George Szirtes was born in Budapest in 1948, and came to England with his family after the 1956 Hungarian Uprising. He was educated in England, training as a painter, and has always written in English. In recent years he has worked as a translator of Hungarian literature, producing editions of poets such as Ottó Orbán, Zsuzsa Rakovszky, Ágnes Nemes Nagy and Krisztina Tóth, and novelists including the 2025 Nobel Laureate László Krasznahorkai. His translation of Hungarian poet Krisztina Tóth's retrospective My Secret Life: Selected Poems, published by Bloodaxe in February 2025, was shortlisted for the Warwick Prize for Women in Translation 2025.
He co-edited Bloodaxe’s Hungarian anthology The Colonnade of Teeth.

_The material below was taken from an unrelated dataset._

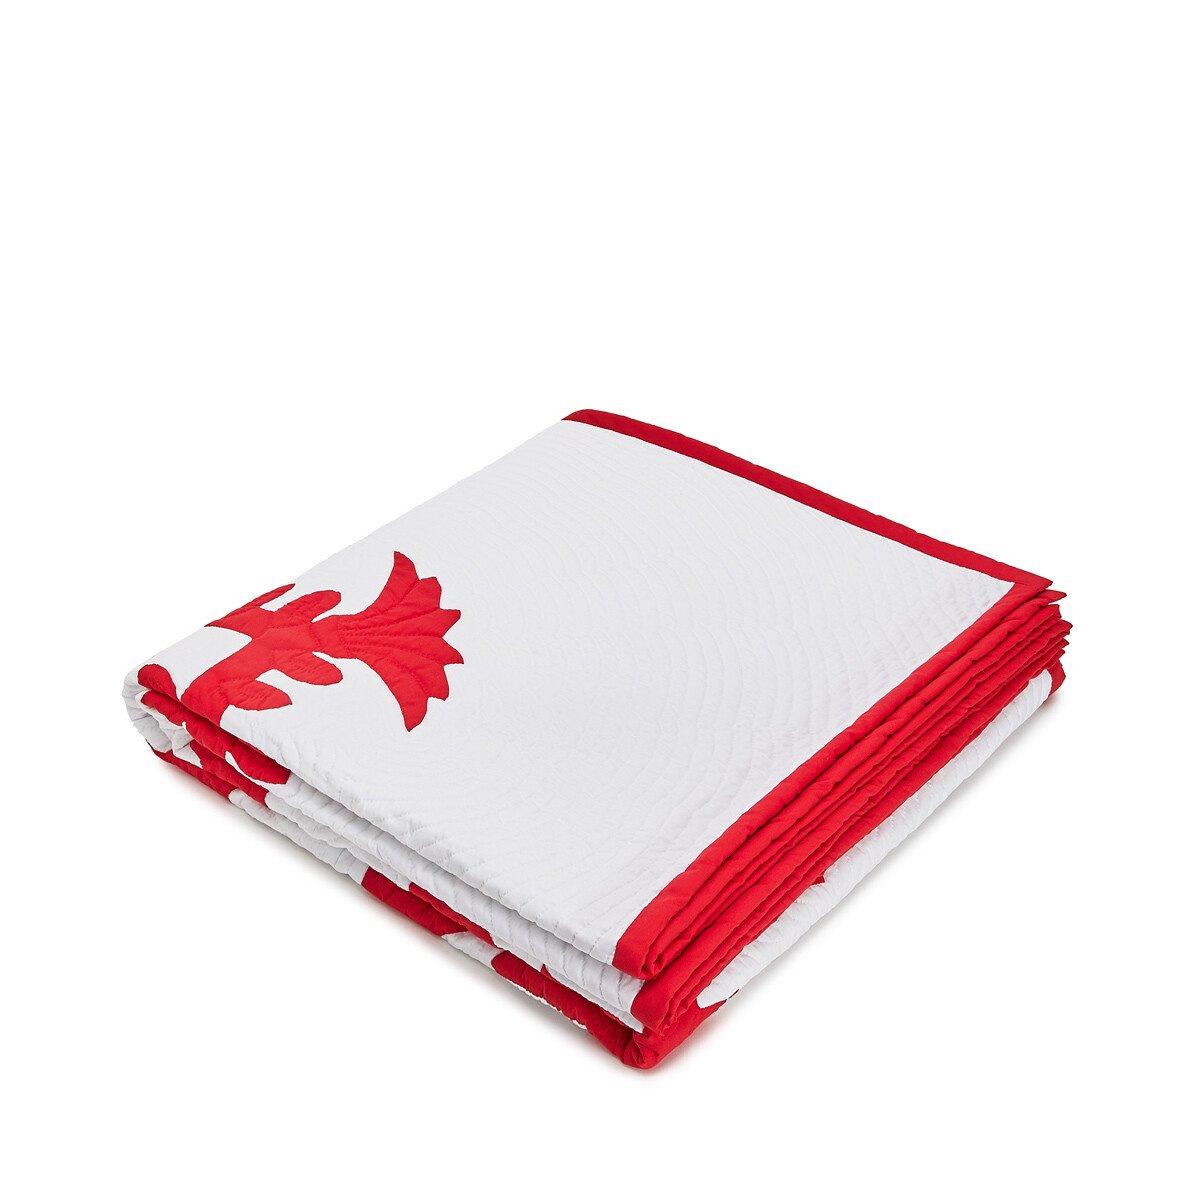 230X230 Blanket Pele & Lehua

His Bloodaxe poetry books include: The Budapest File (2000); An English Apocalypse (2001); Reel (2004), winner of the T.S. Eliot Prize 2004; New & Collected Poems (2008) and The Burning of the Books and other poems (2009), shortlisted for the T.S. Eliot Prize 2009. Bad Machine (2013) was a Poetry Book Society Choice and shortlisted for the T.S. Eliot Prize 2013. Mapping the Delta (2016), another Poetry Book Society Choice, was followed by Fresh Out of the Sky (2021). In December 2024 George Szirtes was awarded The King's Gold Medal for Poetry, 2024. He was presented with the medal by King Charles III at Buckingham Palace in November 2025.
Bloodaxe has also published his Newcastle/Bloodaxe Poetry Lectures, Fortinbras at the Fishhouses: Responsibility, the Iron Curtain and the sense of history as knowledge (2010), and John Sears’ critical study, Reading George Szirtes (2008). His memoir of his mother, The Photographer at Sixteen (MacLehose Press, 2019), won the James Tait Black Memorial Prize for Biography. Szirtes lives in Norfolk and is a freelance writer, having retired from teaching at the University of East Anglia.
George Szirtes is a nominee for the inaugural Norwich City of Literature Award in the 2025 East Anglian Book Awards. This new award honours individuals or organisations making an outstanding contribution to the region’s literary life. The winner will be chosen by public vote, open to residents of Eastern England. The vote closes 10am on 12 December 2025.